The mechanics for trading "Kansas City Royals vs. St. Louis Cardinals" are the same as any other PolyGram sporting event contract. Each YES share resolves to $1 if the event happens, or $0 if it doesn't. The current price between 0¢ and 100¢ is the market's probability estimate, set live by the order book.
$0 in lifetime turnover and $880 of resting liquidity puts this market in the below the median by volume for sports contracts on PolyGram. Order-book depth is thin — large orders may need to be split across the book or executed as limit orders.
The market has been open for under a month — fresh enough that information asymmetry remains a real factor.
Higher-volume markets tend to have tighter spreads and faster price discovery — meaning the displayed YES/NO percentages are more likely to reflect the true crowd-implied probability rather than a single trader's directional view.

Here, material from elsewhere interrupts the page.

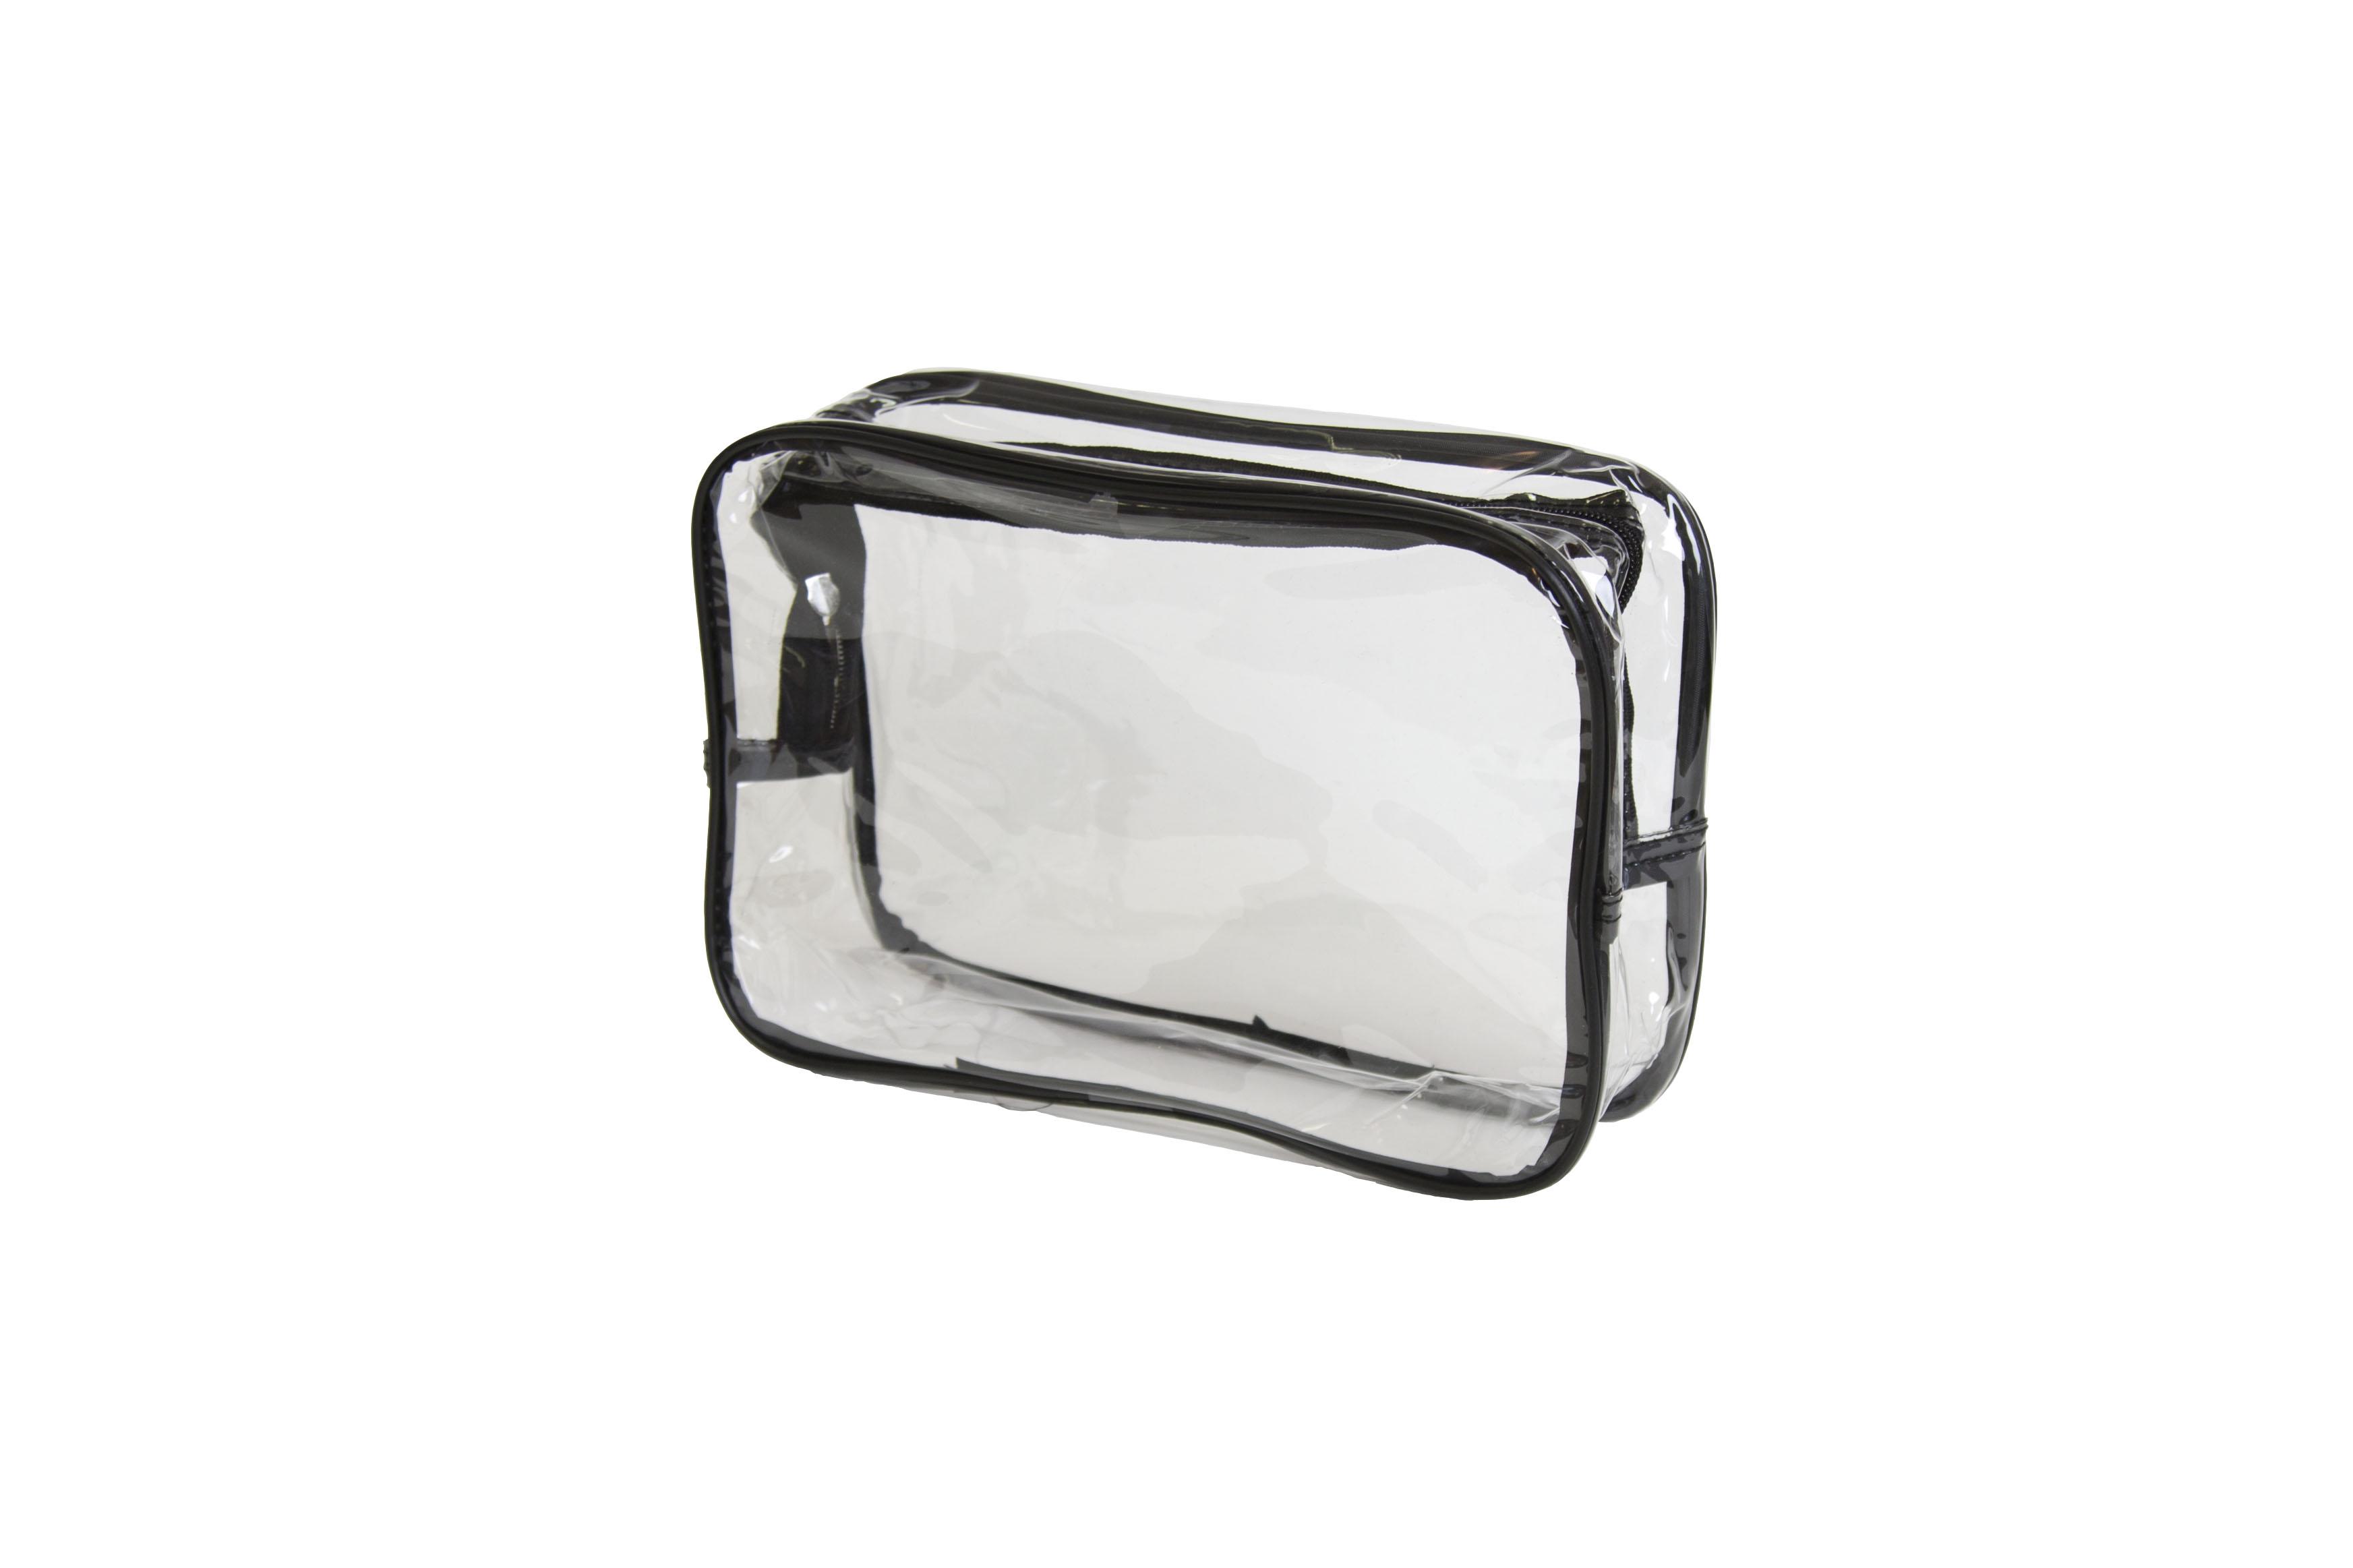 SIBEL Косметичка прозрачная с черной гранью / Sibel,

Resolution is sourced from https://www.mlb.com/. Settlement is executed by the UMA optimistic oracle on Polygon, with a 2-hour dispute window before payouts clear.
This prediction market is scheduled to close on 24 May 2026. After the resolving event occurs, settlement typically clears within 24 hours once the UMA optimistic oracle confirms the outcome. All payouts are in USDC on the Polygon network.
To trade on this prediction market, create a free PolyGram account at polygram.ink, deposit USDC via Polygon, and place a YES or NO order on the outcome you believe in. You can learn more on our how-it-works page. Your maximum loss is limited to your stake — there is no leverage or margin.
When the outcome is determined, winning YES shares pay out $1.00 each in USDC, while losing shares pay $0. Settlement is handled by the UMA optimistic oracle on Polygon — a proposer submits the result, a two-hour dispute window opens, and if uncontested, payouts are distributed automatically. You can withdraw your winnings to any Polygon wallet.
Prediction-market positions can lose 100% of staked capital. Outcomes are uncertain by definition — historical accuracy of crowd-implied probabilities is high in aggregate but not for any single market. PolyGram does not provide investment advice. Trade only with capital you can afford to lose.
Regulatory status varies by jurisdiction. Germany, the United States, and most EU countries treat Polymarket-style event contracts under one of three frameworks: financial derivative, gambling product, or unregulated novel asset. Consult local counsel before trading.